As a private lawyer in Washington, I represented Ted Bundy pro bono in post-conviction proceedings challenging his convictions and death sentences in Florida. I did this from 1986 until his execution in January 1989. On the first day of the 1988 hearing in federal court to determine if Bundy had been competent to stand trial when he was convicted in 1980, a reporter asked the judge as he entered the courthouse whether the hearing was "just a waste of time." The judge, before hearing any evidence, replied, "Absolutely."
At the end of the week-long proceeding, without hearing arguments or reading any briefs, the judge declared confidently from the bench that Bundy was "the most competent serial killer in America." Later, as we were packing our exhibits and papers, a high-school student who was in the courtroom asked me if I would want a serial killer living next door to me. I assumed that was her way of asking why I defended Ted Bundy. I told her that I had a daughter her age and that I would not want a serial killer living next door to me. But, I added, that's why it's important for the police and prosecutors to make sure they have the right person; convicting the wrong person leaves the serial killer on the streets.
In the wrongful-conviction work that I now do at Duke University, I often think of the federal judge who was so certain that Bundy was not entitled to relief that he could decide the case before hearing the evidence. I thought of that judge when Superior Court Judge Richard Doughton ruled against Kalvin Michael Smith in January 2009 and allowed the state to write the opinion he issued, almost verbatim. I thought of that judge when anonymous judges on the North Carolina Court of Appeals declined to review Judge Doughton's decision only five business days after the state filed its opposition. That struck me as an extraordinarily short period of time in which to decide that none of the issues warranted review. In my experience, that level of instant certainty on the part of judges has been rare, except in the criminal-justice system.
I also think of the judge in Bundy's case every time Winston-Salem Police Chief Scott Cunningham explains why nothing that former Detective Don Williams failed to do ever matters. The members of the Silk Plant Forest Citizens Review Committee, after an exhaustive review of the police investigation of the case, unanimously concluded that they had no confidence in the investigation; seven members of the committee said there was no credible evidence that Smith was present at the Silk Plant Forest store when Jill Marker was attacked. On the basis of that report, Chief Cunningham has instituted numerous significant reforms in which cases are investigated. But he aggressively defends the results of the investigation; except for the many deficiencies, Smith's trial was fair enough.
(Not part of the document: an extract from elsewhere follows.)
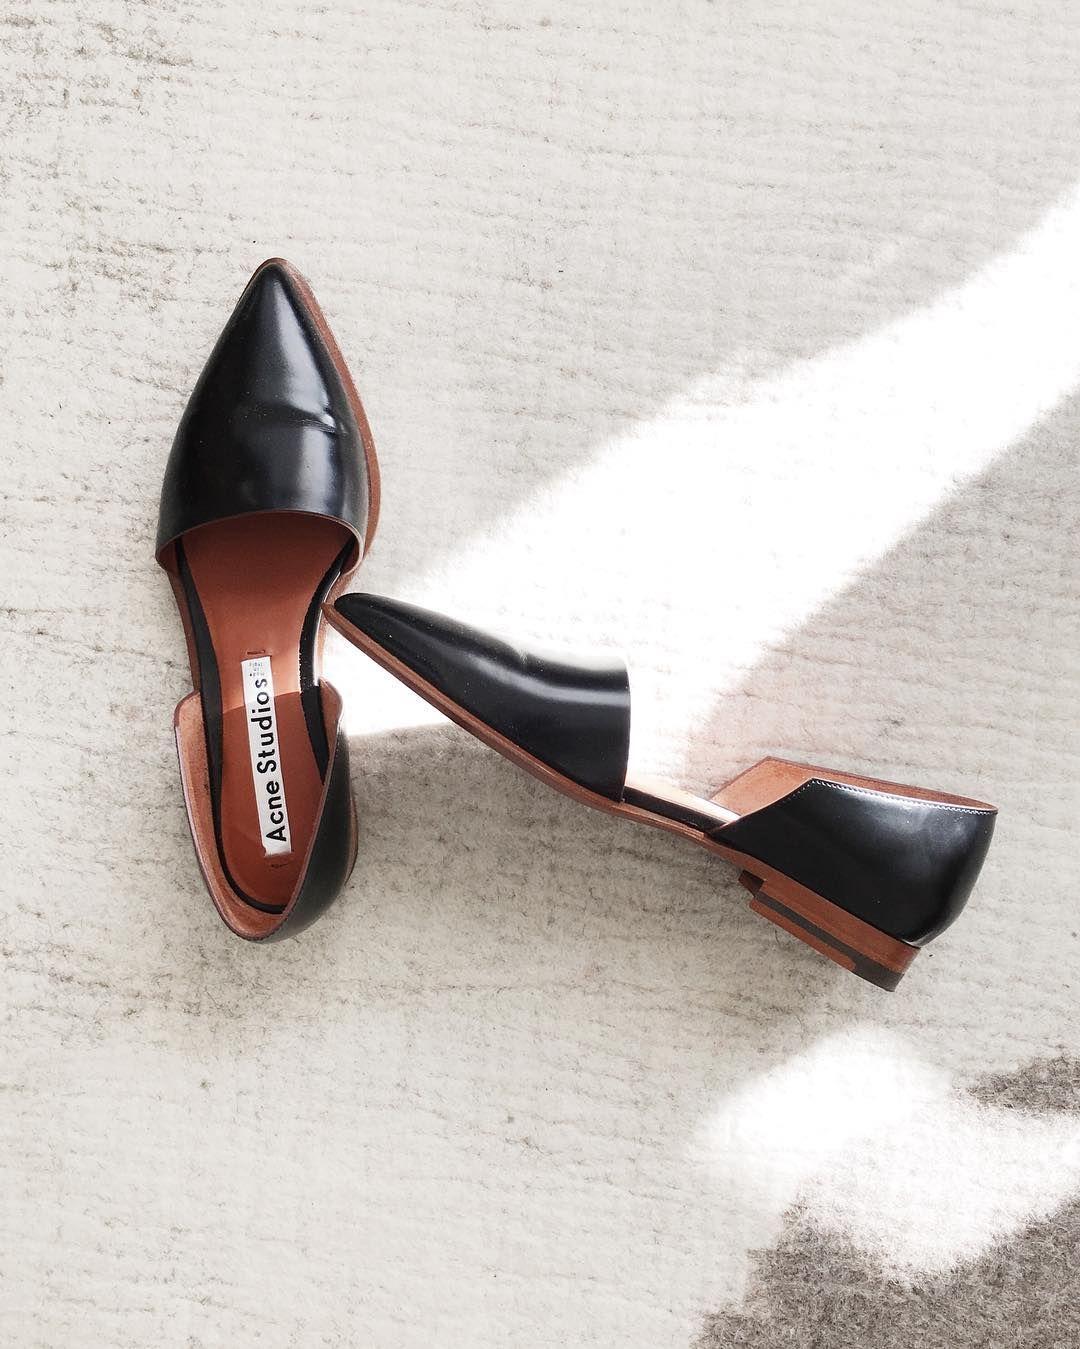 8ab23bc37 Sapato maravilhoso! Minimalista, moderno, pra ter pra vida toda ...

I also thought about the judge when I read the Journal's recent article on Jill Marker ("The aftermath of violence," March 20). The story is heartbreaking. But because I believe Kalvin Smith is innocent, I believe the person who so horribly assaulted Jill Marker is still free. Perhaps, like Williard Brown, who remained free while Darryl Hunt sat in prison, the person who attacked Marker has attacked others. Having escaped justice in her case, he likely feels invincible. Official certainty does not make us safe. Ask Williard Brown's previous victim, Regina Lane.
I thought of the judge in the Bundy case when I spoke out against what Mike Nifong was doing in the Duke lacrosse case in 2006. I thought that case might be a wake-up call in North Carolina. The people being mistreated were not the usual suspects; as the mother of one student said, Nifong picked on the wrong people. The response was unprecedented. The North Carolina Bar intervened; Attorney General Roy Cooper intervened and declared the students innocent; and even some prosecutors criticized Nifong. But I was wrong. That kind of justice is not available for people like Kalvin Michael Smith. In his case and the cases of other faceless and powerless defendants, a different kind of justice prevails; one characterized by indifference to errors and intolerance for those who complain.
I often tell the prisoners whose cases we investigate that as long as we believe they may be innocent, we will never give up the pursuit of justice. And, in the face of official certainty and indifference in the criminal-justice system, none of us who would mind living next door to a serial killer should ever give up.